- Born: June 18, 1809 Boston, Massachusetts
- Died: October 12, 1870 (aged 61) Cambridge, Massachusetts
- Spouse(s): Clergyman, author, writer

= Stephen Greenleaf Bulfinch =

American Unitarian clergyman, author and hymn writer (1809-1870)

Stephen Greenleaf Bulfinch (June 18, 1809 - October 12, 1870) was an American Unitarian clergyman, author and hymn writer.

==Early life==
Stephen Greenleaf Bulfinch (often referred to as S.G. Bulfinch) was born in Boston, Massachusetts on June 18, 1809, the tenth child of Charles Bulfinch, Architect of the Capitol and Hannah Apthorp, who were first cousins. He was the brother of Thomas Bulfinch (1796–1867), author of Bulfinch's Mythology. Stephen was named after his mother's father, Stephen Greenleaf, the last Loyalist sheriff of Essex County, Massachusetts.

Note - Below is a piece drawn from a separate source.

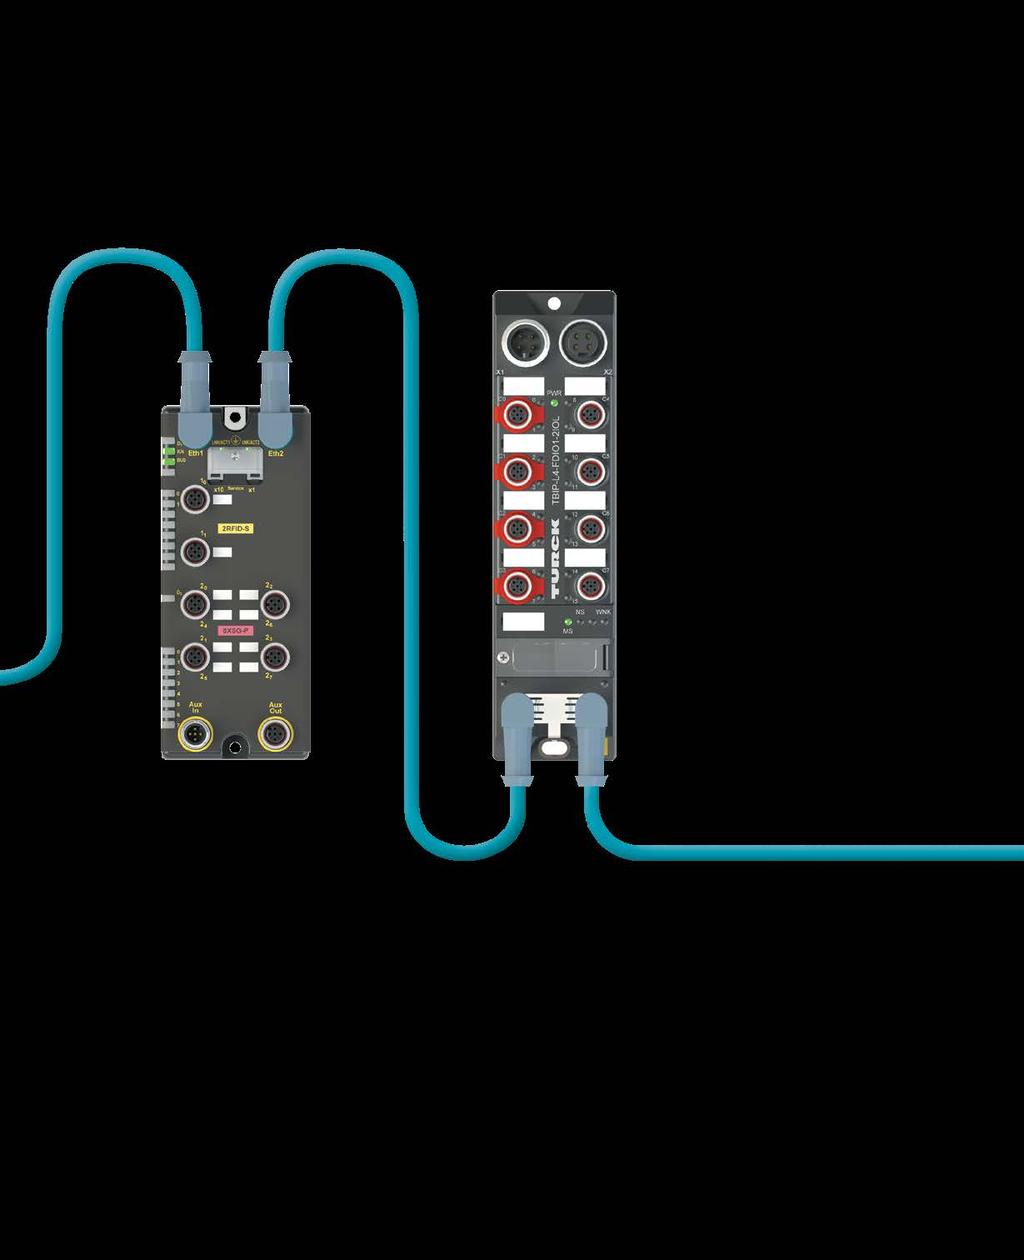 T Safety Solutions - Hybrid Modules Available for PROFIsafe (PROFINET) and CIP Safety (Ethernet/IP) Flexible Hybrid combination of safety and

He moved to Washington, D.C. in 1818, when his father began work on building the United States Capitol rotunda and graduated from Columbian College in Washington D.C. (later George Washington University) in 1826 with a Bachelor of Arts degree, and earned his Doctor of Divinity degree from Harvard Divinity School in 1830.

The Rev. Edward Young told the Massachusetts Historical Society in 1892 that Bulfinch told him he had wished to become an architect like his father.

"But his father dissuaded him, saying that most of the States already had their capitols erected, and that if he should devote himself to this occupation, there would probably not be enough for him to do. Accordingly, he became a clergyman."

In 1831, he was ordained at Charleston, South Carolina as Assistant Minister serving with Rev. Samuel Gilman at the Second Independent Church of Charleston, a theologically Unitarian congregation. Subsequently, he served as a minister in Pittsburgh, Pennsylvania, in Washington, D.C. from 1838, in Nashua, New Hampshire from 1845, in Dorchester, Massachusetts from 1852; and lastly in East Cambridge, Massachusetts from 1865 until his death.

He died at Cambridge, Massachusetts, October 12, 1870.

Bulfinch composed numerous hymns, which gained wide use across the country. Many were made known in England through Beard's Collection of Hymns, published in 1837, in which 19 were published.

==Works==

- Contemplation of the Saviour: A Series of Extracts from the Gospel History, with Reflections and Original and Selected Hymns. Boston: Carter and Hendee, 1832
- Biographies of Self-Taught Men, Boston: Perkins & Marvin, 1832 (with Bela Bates Edwards)
- Poems, Charleston, S.C., 1834.
- The Holy Land and Its Inhabitants, 1834
- Lays of the Gospel 1845.
- Communion Thoughts, 1850
- Palestine and the Hebrew People, 1853
- The Harp and the Cross a selection of hymns, 1857
- Honor, or the Slaveholder’s Daughter, 1864
- Manual of the Evidences of Christianity, 1866
- Studies in the Evidences of Christianity, 1866

==Hymns==
- Hail to the Sabbath day
- Hath not thy heart within thee burned?